Jamais avant le coucher du soleil (Johanna Sinisalo)
Actes Sud, 319 pages, 2003.
La lecture du Rituel m’a donné envie de relire ce roman finlandais, lu une première fois en 2005 et devenu l’un de mes préférés depuis. Il s’agit d’un livre particulier, étonnant, et assez audacieux. L’autrice part d’un postulat tout simple : un homme recueille chez lui un animal sauvage blessé. Mais elle en fait quelque chose de tout à fait original... car l’animal est un troll, une espèce qui n’existe pas. En outre, cet animal se révèle bien plus intelligent qu’il n’y parait, et il exerce sur le narrateur une fascination étrange : « Je n’ai rien vu d’aussi beau. Je sais tout de suite que je le veux » dira-t-il en le découvrant. Il décide de le cacher chez lui, pour le meilleur et pour le pire...
Le roman se déroule dans une réalité parallèle où les trolls existent vraiment. L’autrice nous familiarise avec ce folklore en entrecoupant les chapitres par des passages informatifs comme de fausses entrées de dictionnaire, de recherches internet, etc. Cet ajout d’informations destiné à nous faire accepter l’existence des trolls comme un véritable animal est très bien fait et s’intègre de manière fluide dans le roman.
À commencer par Ange, le protagoniste, tous les personnages ou presque ont un surnom, ce qui est bien pratique pour les non-finnophones. Ange est un jeune photographe beau comme un dieu (d’où son surnom), qui vit seul dans un immeuble de Tampere. On suit son point de vue à la première personne principalement, mais pas seulement. L’autrice alterne les narrateurs et nous donne à entendre la voix de plusieurs personnages qui vont être amenés à interagir avec Ange : Palomita, une Philippine plus ou moins séquestrée par un mari abusif dans un appartement voisin, Martes, employeur et amour secret d’Ange, Dr Spiderman, son ex-amant vétérinaire, et Ecce, un gay un peu geek qui possède des livres rares sur la faune de Finlande. Tous ces personnages sont esclaves de leurs pulsions sexuelles ou de celles des autres, leur comportement analysé au prisme plutôt froid des lois biologiques de l’attirance chimique (les odeurs, parfums, phéromones, essences boisées, etc. sont très présents).

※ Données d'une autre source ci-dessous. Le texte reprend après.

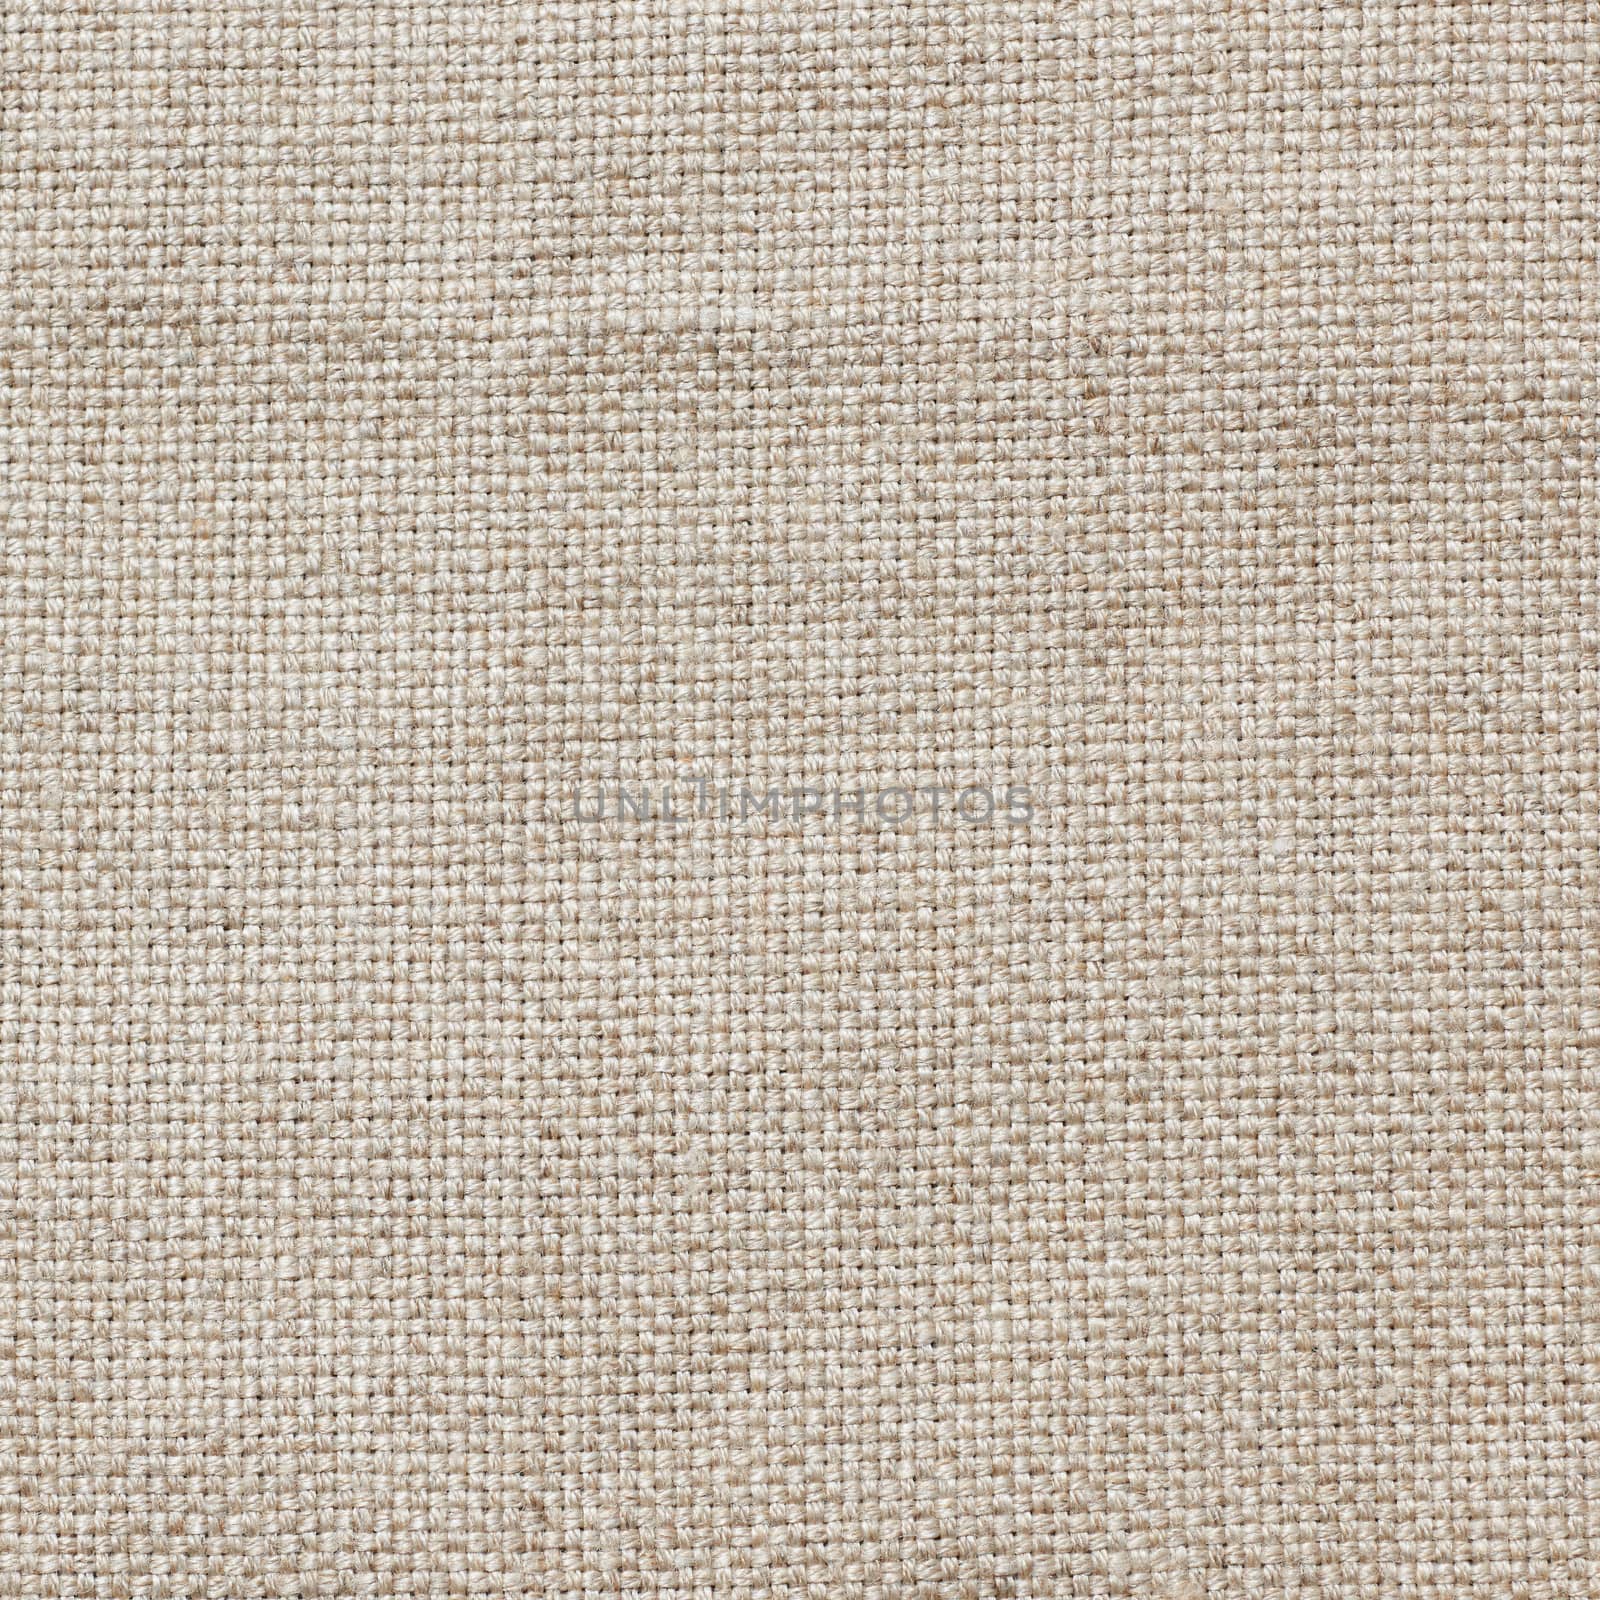 Linen fabric by ecobo

Le troll (appelé « Pessi », comme dans un poème finlandais racontant l’amour impossible entre un troll et une sylphide) lui, n’a pas voix au chapitre, mais il est le moyeu autour duquel tournent les évènements du roman. Il a un charme mystérieux qui contamine tous les personnages, et notamment Ange, qui voit en lui un rêve dangereux et l’antithèse de sa vie urbaine et superficielle. Il incarne les ténèbres (les trolls sont des prédateurs nocturnes), la nature sauvage, le désordre. Sa présence va rebattre les cartes dans la vie d’Ange et dans celle des gens qui vont interagir avec lui. Par son biais, la nuit, la forêt, le chaos vont progressivement s’immiscer dans l’immeuble jusqu’à un final radical et surprenant.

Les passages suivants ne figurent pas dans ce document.